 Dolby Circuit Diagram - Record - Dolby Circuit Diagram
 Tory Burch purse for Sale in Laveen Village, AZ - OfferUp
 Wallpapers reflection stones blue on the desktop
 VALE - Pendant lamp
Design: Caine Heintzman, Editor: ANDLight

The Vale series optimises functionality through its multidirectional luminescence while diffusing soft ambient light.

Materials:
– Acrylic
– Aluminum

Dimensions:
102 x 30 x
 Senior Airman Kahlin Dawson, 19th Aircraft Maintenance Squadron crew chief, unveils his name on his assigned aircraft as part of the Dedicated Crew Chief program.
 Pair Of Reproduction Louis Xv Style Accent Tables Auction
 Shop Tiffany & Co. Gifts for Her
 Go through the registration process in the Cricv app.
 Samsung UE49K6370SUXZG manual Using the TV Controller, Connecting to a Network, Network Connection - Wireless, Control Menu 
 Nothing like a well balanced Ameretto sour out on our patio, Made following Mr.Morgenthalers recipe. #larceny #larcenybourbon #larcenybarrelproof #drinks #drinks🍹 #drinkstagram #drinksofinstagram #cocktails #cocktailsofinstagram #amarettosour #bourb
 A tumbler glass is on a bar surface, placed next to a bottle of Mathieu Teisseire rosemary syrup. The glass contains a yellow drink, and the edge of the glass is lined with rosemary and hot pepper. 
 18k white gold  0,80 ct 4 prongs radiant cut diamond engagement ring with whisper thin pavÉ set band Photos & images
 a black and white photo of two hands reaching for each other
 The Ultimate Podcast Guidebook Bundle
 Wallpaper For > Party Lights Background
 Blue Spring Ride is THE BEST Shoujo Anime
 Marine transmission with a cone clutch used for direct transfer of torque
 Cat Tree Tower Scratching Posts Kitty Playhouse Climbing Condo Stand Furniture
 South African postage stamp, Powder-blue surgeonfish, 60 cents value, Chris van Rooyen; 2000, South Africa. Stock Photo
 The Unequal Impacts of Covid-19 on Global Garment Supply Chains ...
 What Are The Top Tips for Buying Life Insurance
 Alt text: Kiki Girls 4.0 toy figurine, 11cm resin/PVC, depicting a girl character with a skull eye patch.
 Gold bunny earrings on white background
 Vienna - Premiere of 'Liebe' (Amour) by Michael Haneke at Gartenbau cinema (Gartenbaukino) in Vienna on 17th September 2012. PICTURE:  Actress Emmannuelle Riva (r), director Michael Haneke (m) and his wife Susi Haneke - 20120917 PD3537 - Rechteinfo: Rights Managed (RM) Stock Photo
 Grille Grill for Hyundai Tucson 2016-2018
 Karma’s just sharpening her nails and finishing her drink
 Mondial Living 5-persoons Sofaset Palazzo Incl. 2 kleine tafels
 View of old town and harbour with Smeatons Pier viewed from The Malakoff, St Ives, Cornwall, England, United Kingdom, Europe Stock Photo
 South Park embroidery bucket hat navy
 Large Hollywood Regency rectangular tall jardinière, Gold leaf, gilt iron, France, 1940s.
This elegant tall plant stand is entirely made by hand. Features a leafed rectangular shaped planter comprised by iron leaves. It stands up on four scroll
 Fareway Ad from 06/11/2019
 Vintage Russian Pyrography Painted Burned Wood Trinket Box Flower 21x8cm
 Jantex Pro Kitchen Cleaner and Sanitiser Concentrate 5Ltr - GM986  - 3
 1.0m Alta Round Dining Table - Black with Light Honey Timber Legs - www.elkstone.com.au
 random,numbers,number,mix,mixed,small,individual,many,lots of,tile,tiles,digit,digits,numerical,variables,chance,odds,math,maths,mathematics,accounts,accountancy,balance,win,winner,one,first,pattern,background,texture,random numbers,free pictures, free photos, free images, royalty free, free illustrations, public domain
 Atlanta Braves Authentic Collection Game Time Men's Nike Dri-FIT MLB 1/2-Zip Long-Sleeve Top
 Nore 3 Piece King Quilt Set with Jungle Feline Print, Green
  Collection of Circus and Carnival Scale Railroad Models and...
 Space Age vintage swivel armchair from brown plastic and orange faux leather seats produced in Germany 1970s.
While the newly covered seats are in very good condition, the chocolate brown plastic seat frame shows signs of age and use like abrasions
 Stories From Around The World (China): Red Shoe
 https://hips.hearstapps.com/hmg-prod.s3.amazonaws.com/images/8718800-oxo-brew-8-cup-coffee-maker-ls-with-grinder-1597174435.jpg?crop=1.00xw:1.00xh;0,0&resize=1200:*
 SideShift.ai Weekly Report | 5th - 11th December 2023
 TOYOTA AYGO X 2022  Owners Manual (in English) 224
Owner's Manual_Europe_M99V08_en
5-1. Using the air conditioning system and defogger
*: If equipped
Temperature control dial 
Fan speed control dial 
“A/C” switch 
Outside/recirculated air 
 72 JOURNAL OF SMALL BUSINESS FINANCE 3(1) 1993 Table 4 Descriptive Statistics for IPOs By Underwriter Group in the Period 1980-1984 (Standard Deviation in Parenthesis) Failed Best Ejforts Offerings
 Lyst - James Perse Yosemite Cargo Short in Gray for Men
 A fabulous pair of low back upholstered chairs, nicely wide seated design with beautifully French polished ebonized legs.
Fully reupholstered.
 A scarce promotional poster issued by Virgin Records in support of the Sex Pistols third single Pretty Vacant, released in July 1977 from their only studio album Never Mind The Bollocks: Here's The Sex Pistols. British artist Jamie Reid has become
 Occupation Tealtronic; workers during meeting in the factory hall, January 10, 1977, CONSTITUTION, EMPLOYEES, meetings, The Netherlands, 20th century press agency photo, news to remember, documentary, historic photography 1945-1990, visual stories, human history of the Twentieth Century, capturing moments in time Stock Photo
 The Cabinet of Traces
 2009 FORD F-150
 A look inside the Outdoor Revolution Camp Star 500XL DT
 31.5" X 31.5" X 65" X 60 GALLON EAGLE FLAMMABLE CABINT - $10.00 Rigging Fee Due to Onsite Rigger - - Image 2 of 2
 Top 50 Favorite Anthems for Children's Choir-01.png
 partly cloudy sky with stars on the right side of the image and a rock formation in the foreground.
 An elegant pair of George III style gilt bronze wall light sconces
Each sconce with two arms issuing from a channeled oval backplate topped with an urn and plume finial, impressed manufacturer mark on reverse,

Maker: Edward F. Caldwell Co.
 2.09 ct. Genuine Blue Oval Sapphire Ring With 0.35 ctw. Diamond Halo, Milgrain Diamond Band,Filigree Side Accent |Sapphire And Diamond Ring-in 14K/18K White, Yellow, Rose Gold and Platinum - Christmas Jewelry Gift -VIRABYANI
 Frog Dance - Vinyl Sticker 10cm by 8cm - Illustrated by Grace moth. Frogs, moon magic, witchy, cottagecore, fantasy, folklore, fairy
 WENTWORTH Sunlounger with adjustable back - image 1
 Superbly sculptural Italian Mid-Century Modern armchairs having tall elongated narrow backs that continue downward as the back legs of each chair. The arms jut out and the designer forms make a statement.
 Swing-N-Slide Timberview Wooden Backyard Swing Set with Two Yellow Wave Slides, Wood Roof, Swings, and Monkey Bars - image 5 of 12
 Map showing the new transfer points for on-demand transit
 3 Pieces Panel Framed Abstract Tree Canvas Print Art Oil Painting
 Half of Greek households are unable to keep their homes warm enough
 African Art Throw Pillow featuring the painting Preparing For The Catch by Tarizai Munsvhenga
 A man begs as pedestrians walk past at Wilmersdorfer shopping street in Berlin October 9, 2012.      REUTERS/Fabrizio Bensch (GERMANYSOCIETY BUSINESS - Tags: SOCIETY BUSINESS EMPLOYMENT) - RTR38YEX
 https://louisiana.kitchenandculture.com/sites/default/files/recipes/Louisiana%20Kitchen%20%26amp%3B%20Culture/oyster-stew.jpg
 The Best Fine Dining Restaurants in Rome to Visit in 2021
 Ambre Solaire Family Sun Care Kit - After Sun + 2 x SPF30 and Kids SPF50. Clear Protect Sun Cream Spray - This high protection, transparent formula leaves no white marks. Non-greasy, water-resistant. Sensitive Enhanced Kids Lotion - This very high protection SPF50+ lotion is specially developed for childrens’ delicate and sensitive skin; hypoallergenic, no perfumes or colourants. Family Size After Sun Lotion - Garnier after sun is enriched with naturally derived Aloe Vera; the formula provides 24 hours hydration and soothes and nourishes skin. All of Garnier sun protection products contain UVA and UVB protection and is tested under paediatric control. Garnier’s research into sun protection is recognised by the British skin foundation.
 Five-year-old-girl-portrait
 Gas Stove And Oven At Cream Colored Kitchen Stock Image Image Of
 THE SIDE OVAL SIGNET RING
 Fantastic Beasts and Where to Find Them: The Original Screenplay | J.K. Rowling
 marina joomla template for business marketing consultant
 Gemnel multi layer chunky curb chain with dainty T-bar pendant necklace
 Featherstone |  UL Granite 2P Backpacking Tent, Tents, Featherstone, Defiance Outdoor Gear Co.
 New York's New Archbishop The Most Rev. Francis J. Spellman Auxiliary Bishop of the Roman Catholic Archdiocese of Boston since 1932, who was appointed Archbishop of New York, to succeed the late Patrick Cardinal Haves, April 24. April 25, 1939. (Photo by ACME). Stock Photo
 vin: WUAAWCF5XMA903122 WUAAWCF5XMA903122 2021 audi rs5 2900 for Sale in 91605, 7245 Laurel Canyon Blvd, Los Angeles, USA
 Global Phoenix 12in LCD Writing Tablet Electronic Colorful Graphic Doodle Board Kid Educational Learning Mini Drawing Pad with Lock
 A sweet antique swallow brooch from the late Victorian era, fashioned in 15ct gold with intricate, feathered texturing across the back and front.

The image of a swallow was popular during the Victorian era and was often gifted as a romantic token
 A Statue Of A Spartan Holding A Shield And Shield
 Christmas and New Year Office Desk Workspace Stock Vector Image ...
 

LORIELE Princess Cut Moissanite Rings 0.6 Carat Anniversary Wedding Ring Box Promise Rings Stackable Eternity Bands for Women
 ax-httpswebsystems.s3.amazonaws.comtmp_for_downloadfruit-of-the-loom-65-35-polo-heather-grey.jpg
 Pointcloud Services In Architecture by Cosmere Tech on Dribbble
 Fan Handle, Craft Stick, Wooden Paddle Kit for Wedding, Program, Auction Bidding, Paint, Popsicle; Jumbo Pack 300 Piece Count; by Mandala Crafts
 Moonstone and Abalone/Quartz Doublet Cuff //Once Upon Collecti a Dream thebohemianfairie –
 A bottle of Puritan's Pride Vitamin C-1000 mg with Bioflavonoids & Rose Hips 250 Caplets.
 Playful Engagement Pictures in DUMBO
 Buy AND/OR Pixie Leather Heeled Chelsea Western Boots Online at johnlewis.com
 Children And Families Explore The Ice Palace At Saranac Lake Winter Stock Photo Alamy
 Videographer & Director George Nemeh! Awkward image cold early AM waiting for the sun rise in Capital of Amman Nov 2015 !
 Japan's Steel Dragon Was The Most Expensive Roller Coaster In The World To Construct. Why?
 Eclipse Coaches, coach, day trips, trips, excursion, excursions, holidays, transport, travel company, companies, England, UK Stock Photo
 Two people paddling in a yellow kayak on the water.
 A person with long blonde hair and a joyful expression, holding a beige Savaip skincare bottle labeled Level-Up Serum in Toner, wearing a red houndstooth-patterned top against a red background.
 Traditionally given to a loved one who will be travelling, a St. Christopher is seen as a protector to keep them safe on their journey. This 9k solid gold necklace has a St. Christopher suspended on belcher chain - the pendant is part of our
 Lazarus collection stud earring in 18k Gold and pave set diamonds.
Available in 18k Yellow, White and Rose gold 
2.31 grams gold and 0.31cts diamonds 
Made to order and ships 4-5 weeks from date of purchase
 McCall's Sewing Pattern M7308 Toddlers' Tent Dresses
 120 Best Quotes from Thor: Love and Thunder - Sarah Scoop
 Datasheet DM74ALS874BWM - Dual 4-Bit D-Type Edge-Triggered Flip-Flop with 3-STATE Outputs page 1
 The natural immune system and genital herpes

ASSIGNMENT
Search the preceding listing for the word "Print" and pull out every line that holds it.

EXERCISE ANSWER
 Nore 3 Piece King Quilt Set with Jungle Feline Print, Green
 3 Pieces Panel Framed Abstract Tree Canvas Print Art Oil Painting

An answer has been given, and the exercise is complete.